Confirmed vs unconfirmed attacks

We label a ransomware attack as “confirmed” when a) the targeted organization publicly discloses an attack that involved ransomware, or b) the targeted organization publicly acknowledges a cyber attack that coincides with a claim made by a ransomware group. If a ransomware group claims that it successfully attacked an organization, but the organization never acknowledged an attack, then we label the attack as “unconfirmed”.

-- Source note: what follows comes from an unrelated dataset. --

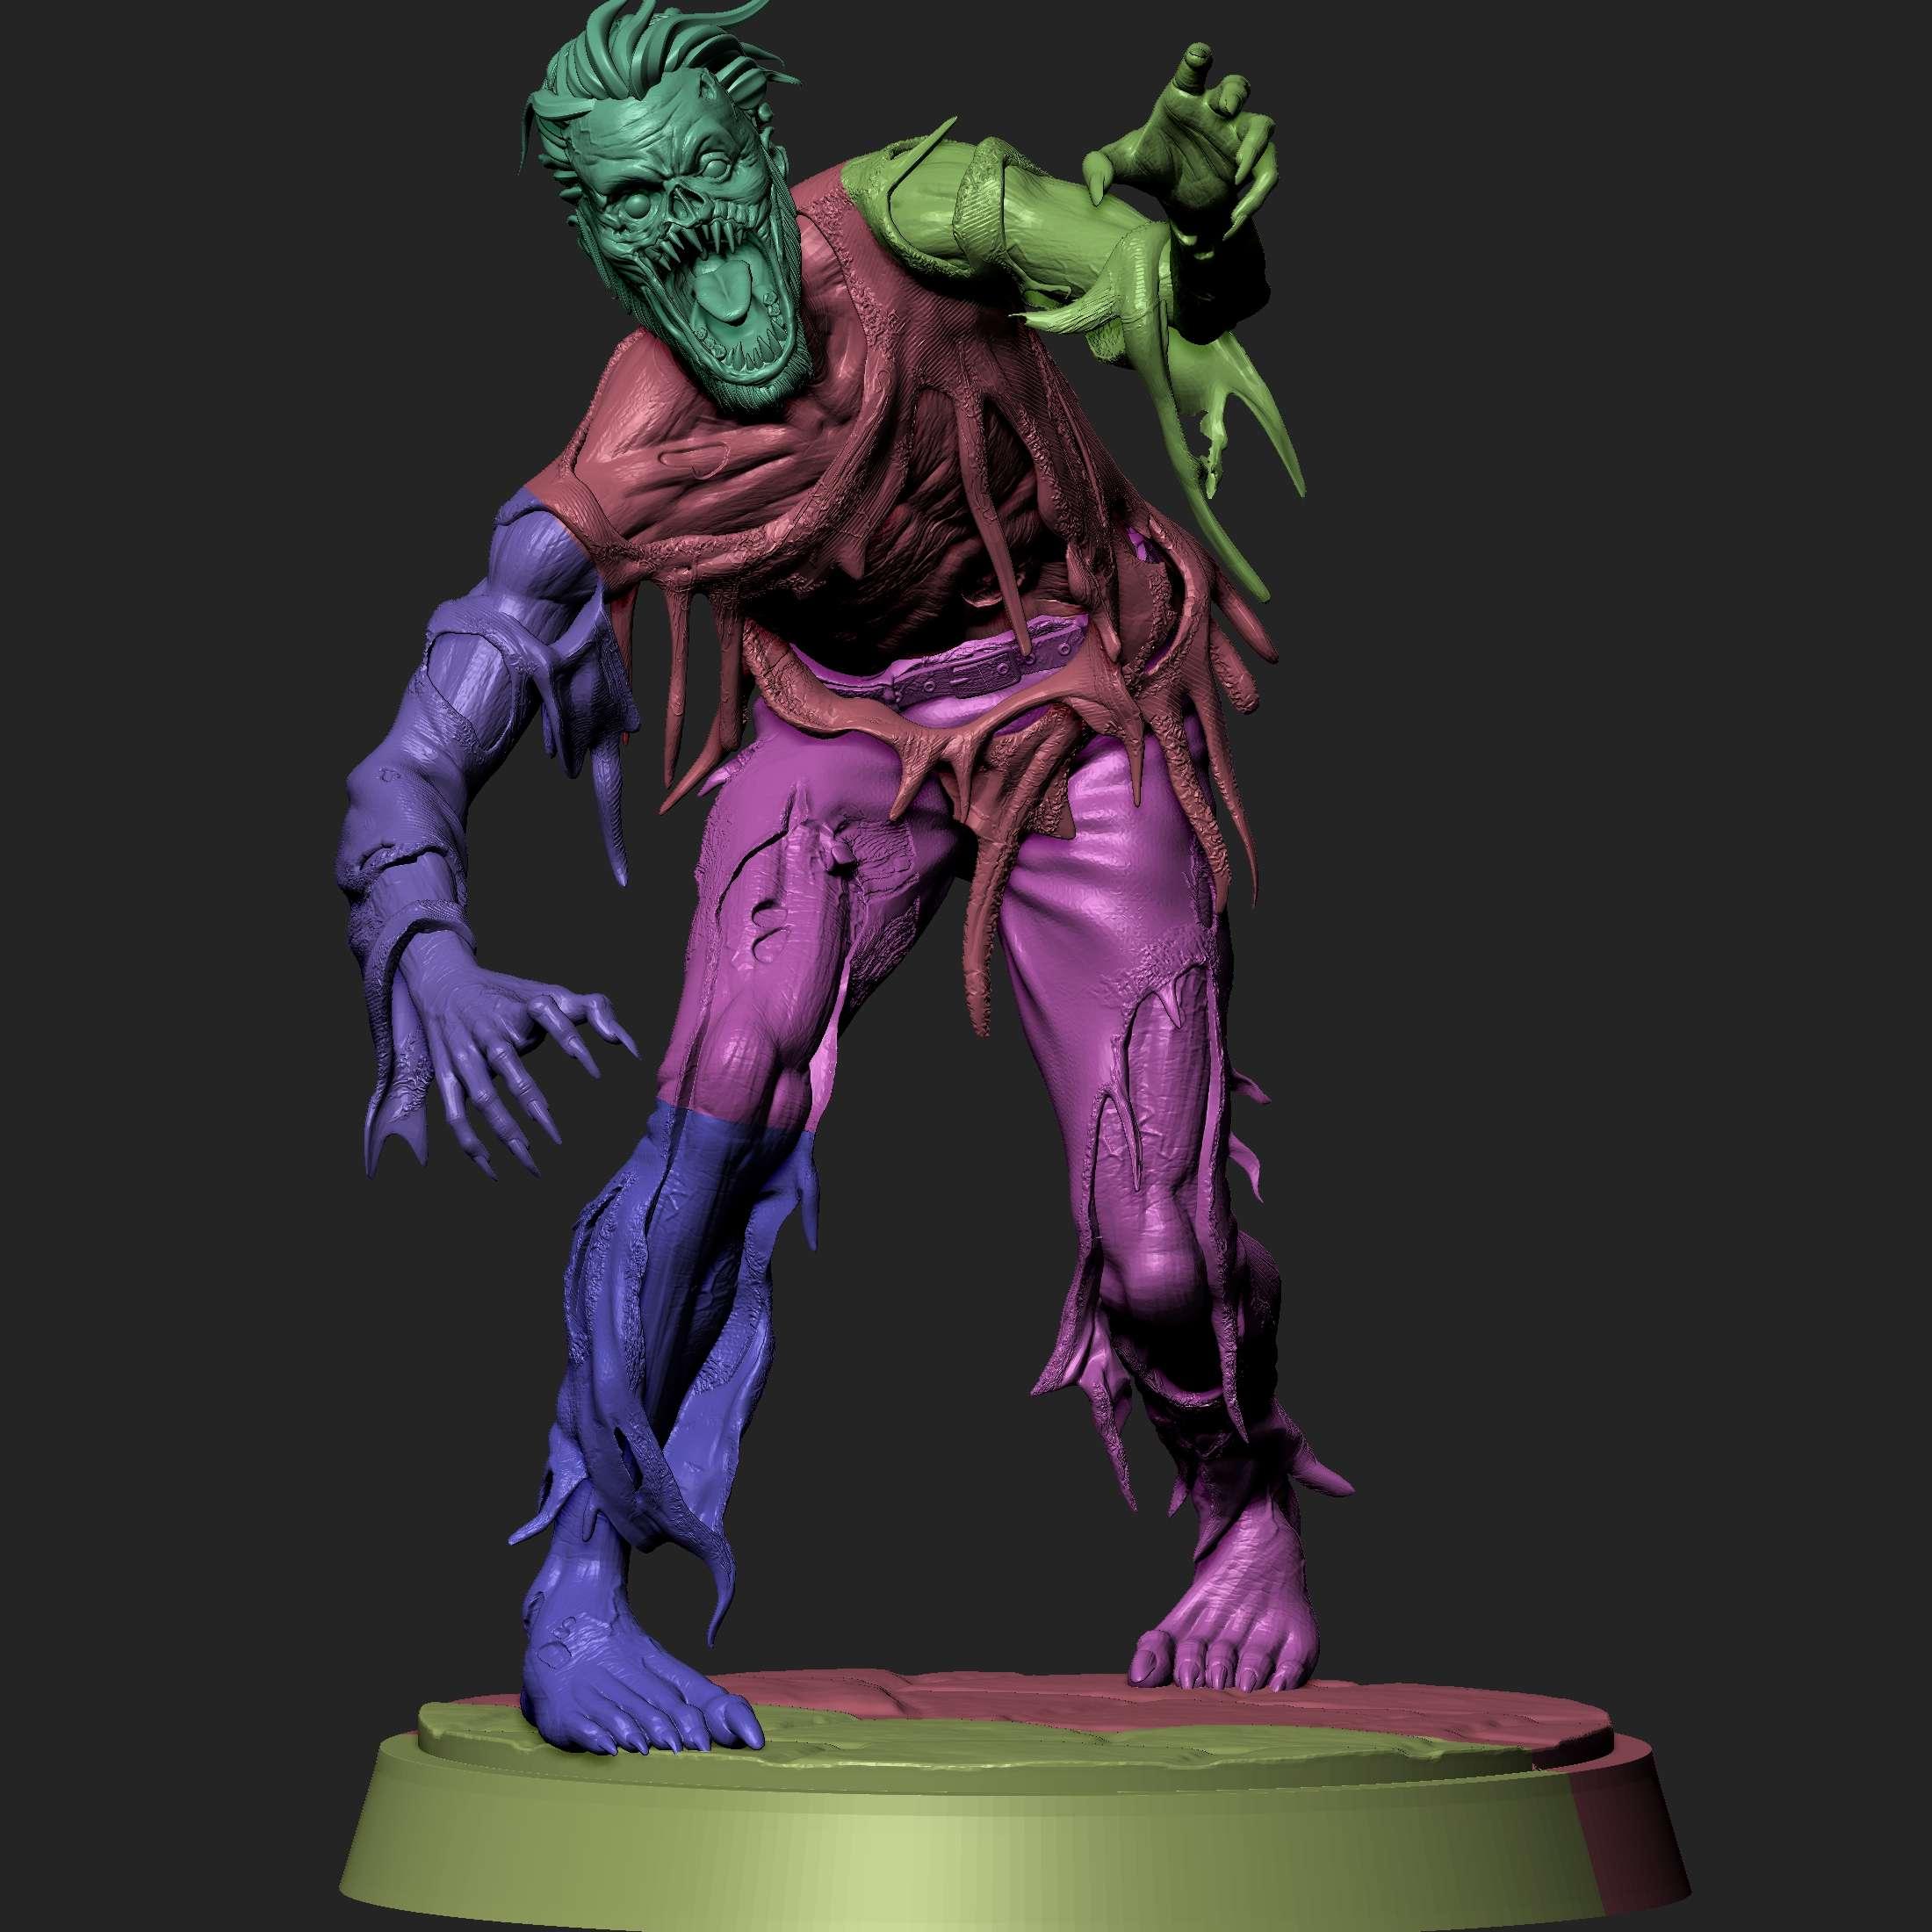 Zombie - Ready to print with cuts and plugs - Los mejores archivos para impresión 3D del mundo. Modelos Stl divididos en partes para facilitar la impresión 3D. Todo tipo de personajes, decoración, cosplay, prótesis, piezas. Calidad en impresión 3D. Modelos 3D asequibles. Bajo costo. Compras colectivas de archivos 3D.

An attack might be unconfirmed because the ransomware group making the claim is lying, or because the targeted organization chose not to disclose the attack to the public. Ransomware groups post their attack claims on their respective websites, where the data is auctioned or released when organizations don’t meet their ransom demands.

Organizations in the US are required to disclose data breaches, which often result from ransomware attacks, to state officials when they meet certain thresholds. Not all countries have breach disclosure laws.

When an attack is confirmed, it is removed from our list of unconfirmed attacks. Therefore, we must allow for some changes in figures when comparing monthly figures, especially when using unconfirmed attacks. This is due to claims from ransomware groups often coming a month later than the attack was carried out–if not longer. For example, if a ransomware gang claims an attack in January 2025, it may later be confirmed as an attack in December 2024 and will, therefore, be attributed to a different quarter.